Is there a main effect of halothane?
Is there a main effect of CO2?
Is there an interaction effect?
Step 1: Prepare and Visualize the Data
R Code: Scatterplot Matrix
X =as.matrix(dogdat[ ,2:5])GGally::ggpairs(X)
Interpretation: The smoothed histograms on the diagonal of the scatterplot matrix show unimodal distributions, but the responses to the high CO2 anesthetic appear to be skewed left and tails of the distributions appear to be truncated relative to normal distributions. The scatter plots show nearly elliptically shaped data clouds, however, with approximately straight line trends. Consequently, the pairwise correlations appear to provide a good description of the associations between the responses to the four anesthetics.
R Code: Boxplot
boxplot(X)
Interpretation: The boxplots indicate that variation in times between heartbeats across the 19 dogs appear to be about the same for all for anesthetics. The distributions are roughly symmetric for all four anesthetics, but the distribution of times between heartbeats may be skewed left when the high level of CO2 is used without halothane. The boxplots also indicate the mean times between heartbeats tend to be higher when halothane is used, regardless of the level of CO2, so halothane may slow heart rates in dogs. There does not appear to be much difference in the distributions of times between heartbeats for low and high levels of CO2 when halothane is used. There is also not much difference between the distributions of times between heartbeats for the high and low levels of CO2 when halothane is not used, although times between heartbeats tend to be lower when the high level of CO2 is used. The higher level of CO2 may speed up heart rates in dogs, but the Halothane effect appears to have a much larger than the CO2 effect.
4.7.1 Repeated Measures
A repeated measures study is a research design where the same participants are measured multiple times under different conditions or over a period of time
Key characteristics
Same participants across conditions or time points
Measurements may be taken:
Across treatments (within-subjects design) – e.g., each participant tries all drug dosages.
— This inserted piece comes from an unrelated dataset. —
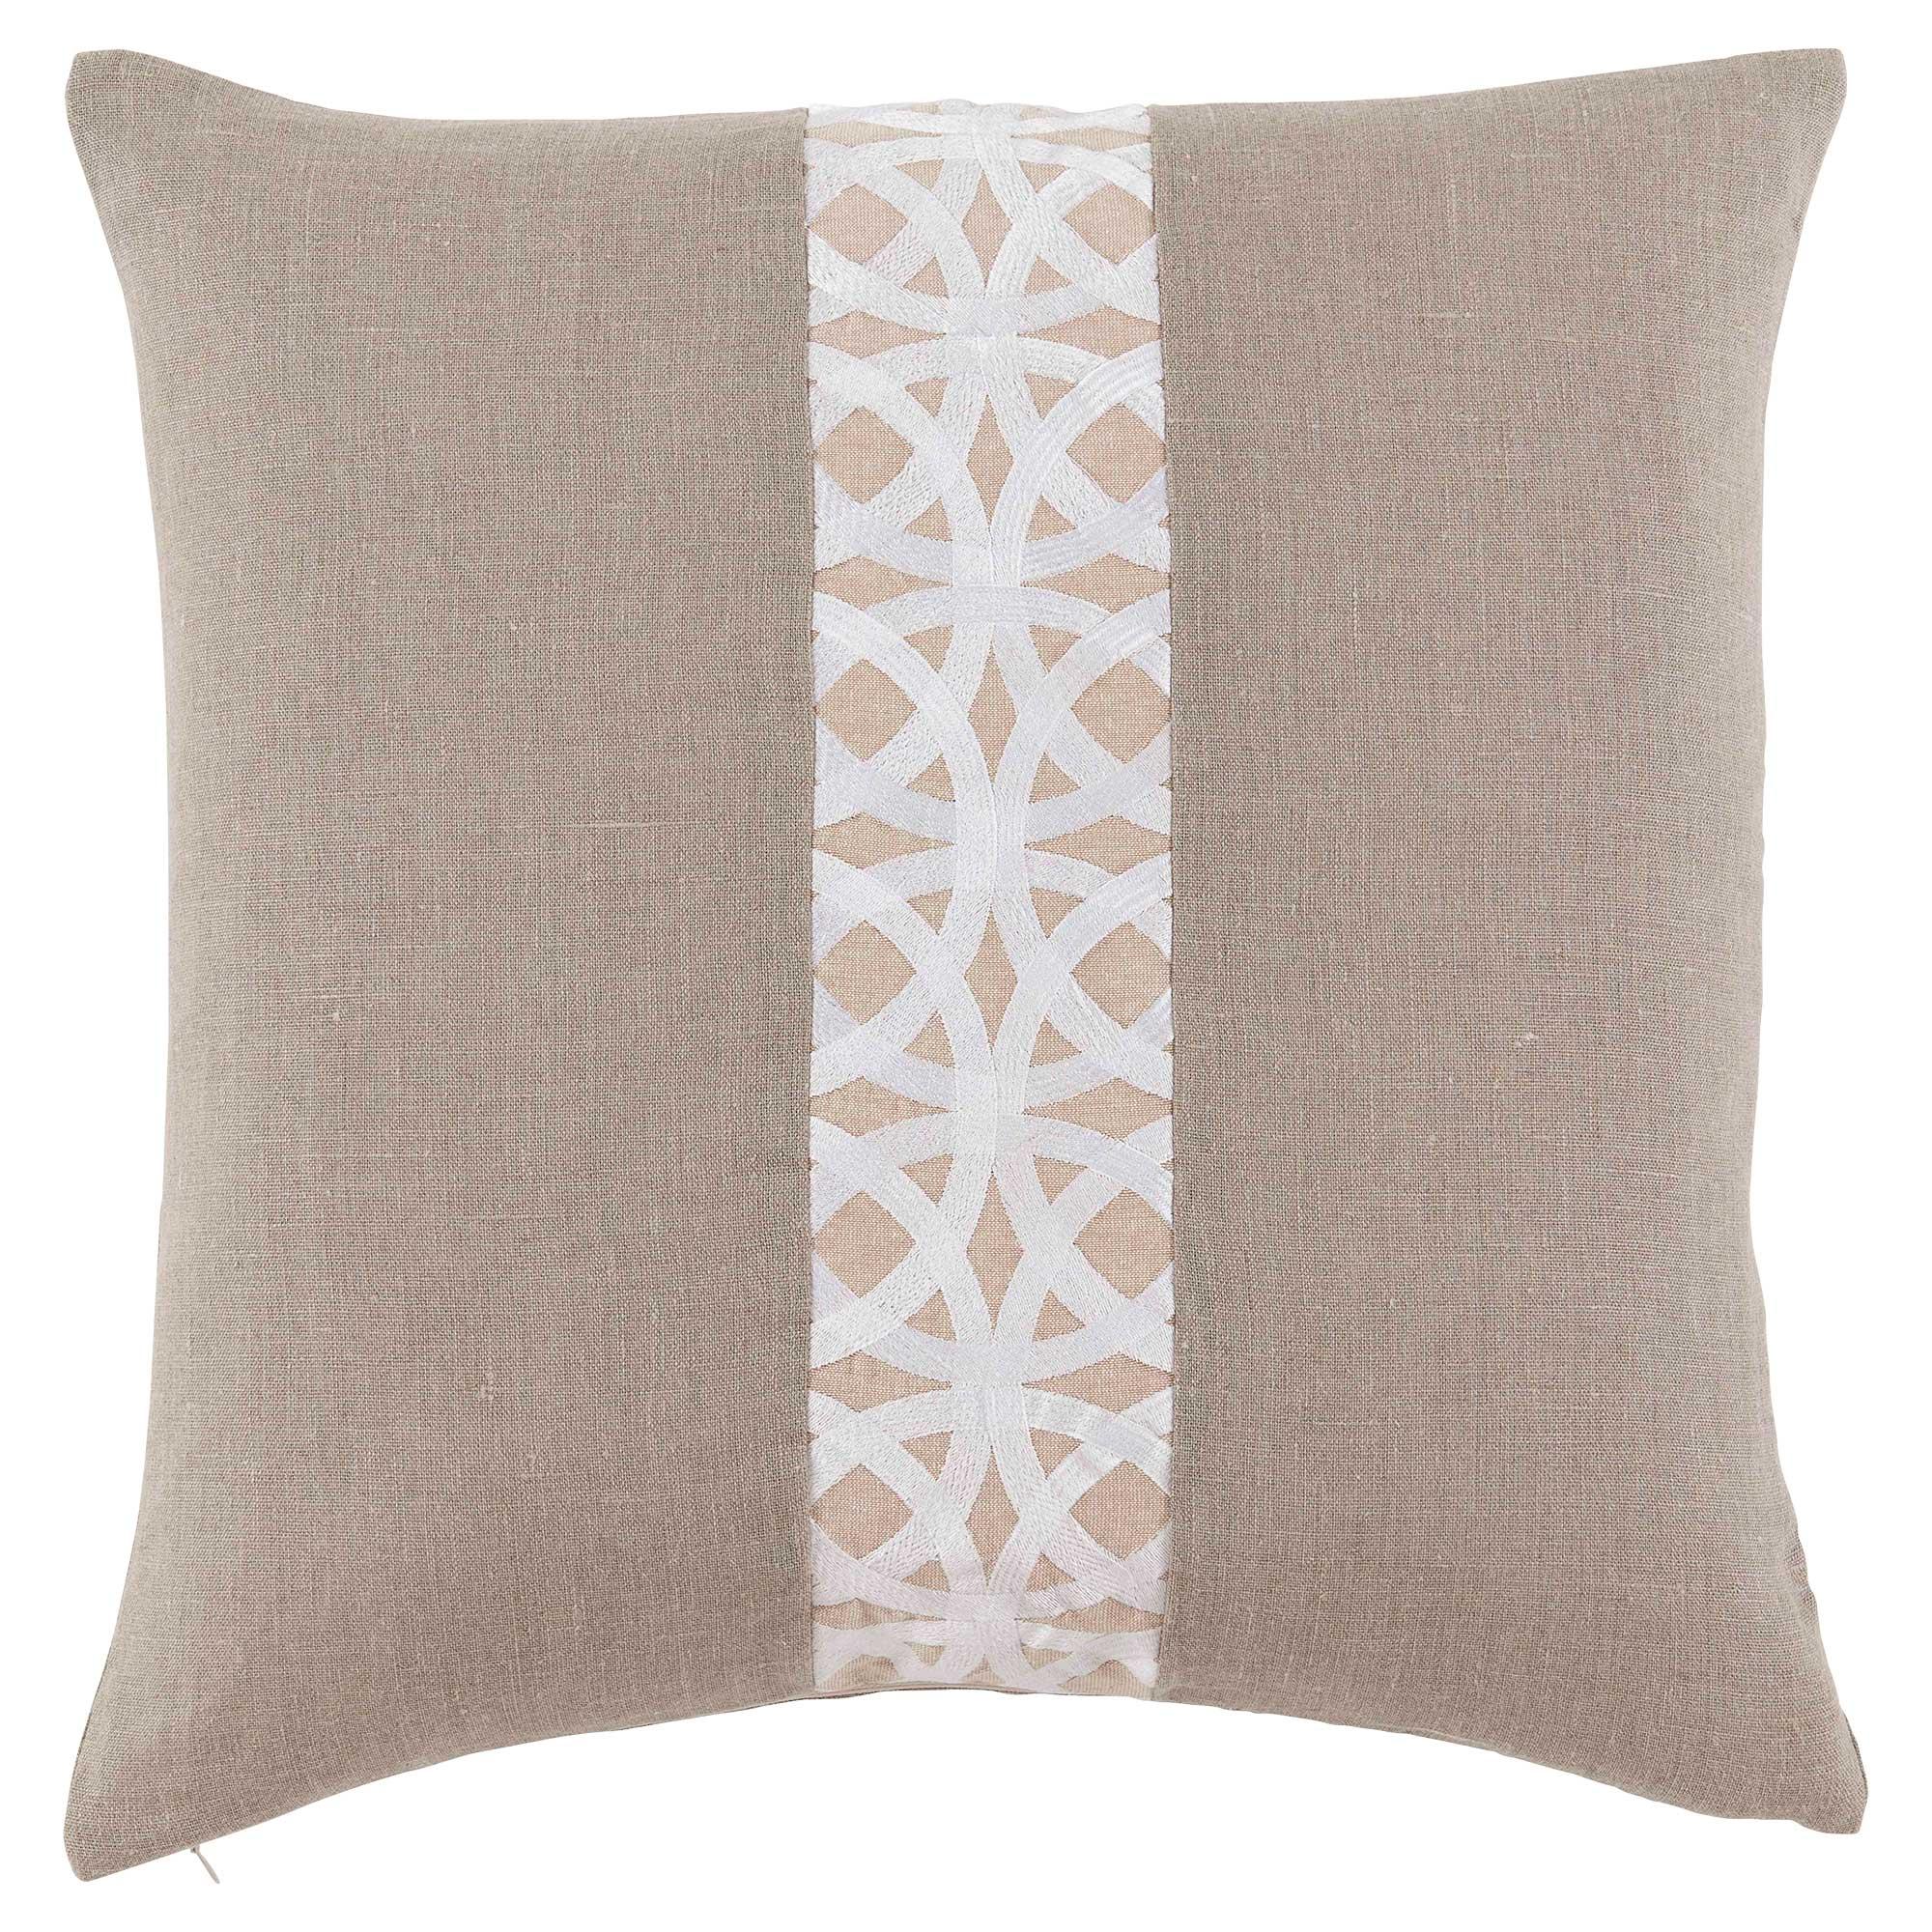 Dorsa Coastal Trellis Stripe Beige Linen Pillow - 22x22

Over time (longitudinal design) – e.g., measuring blood pressure weekly for 8 weeks.
Correlation between measurements
Advantages
Controls for individual differences → reduces variability and increases statistical power.
Fewer participants needed compared to a between-subjects design for the same precision.
Ability to track changes within individuals over time or across conditions.
Common Examples
Before-and-After Studies: This is the classic setup. You measure a group’s cholesterol levels (before), put them on a new diet for three months, and measure their levels again (after).
Comparing Multiple Treatments: Each participant is given several different drugs (with a washout period in between), and their reaction to each drug is measured. The dog anesthetic example from our previous conversation is a perfect case of this.
Longitudinal Studies: A researcher tracks the same group of children and measures their reading ability at ages 6, 8, and 10 to see how it develops over time.
Key Challenge: Dependent Data
When the same subject is measured on p different occasions or under p different conditions, the measurements are not independent. A person’s score at time 1 is related to their score at time 2. Because of this dependency, we cannot directly apply previous methods on the data. However, we can still analyze this data by creating difference vectors and performing a one-sample Hotelling’s T^2 test on these differences.
4.7.2 Hotelling’s T^2 Test for Contrasts
Step 2: State Hypotheses
The research questions can be formulated as a hypothesis testing problem to test treatment effects simultaneously:
Halothane Effect: The overall effect of halothane, averaging across CO2 pressure levels: (\mu_3+\mu_4)/2 - (\mu_1+\mu_2)/2.
CO2 Pressure Effect: The overall effect of CO2 pressure, averaging across halothane levels: (\mu_1+\mu_3)/2 - (\mu_2+\mu_4)/2
Interaction Effect: Whether the effect of CO2 pressure depends on the presence of halothane: (\mu_1-\mu_2)-(\mu_3-\mu_4)
Null hypothesis: The no treatment effect can be written as testing H_0: C \boldsymbol \mu =\mathbf{0} for a q\times pcontrast matrixC.
q is the number of contrasts. In this example, q=3.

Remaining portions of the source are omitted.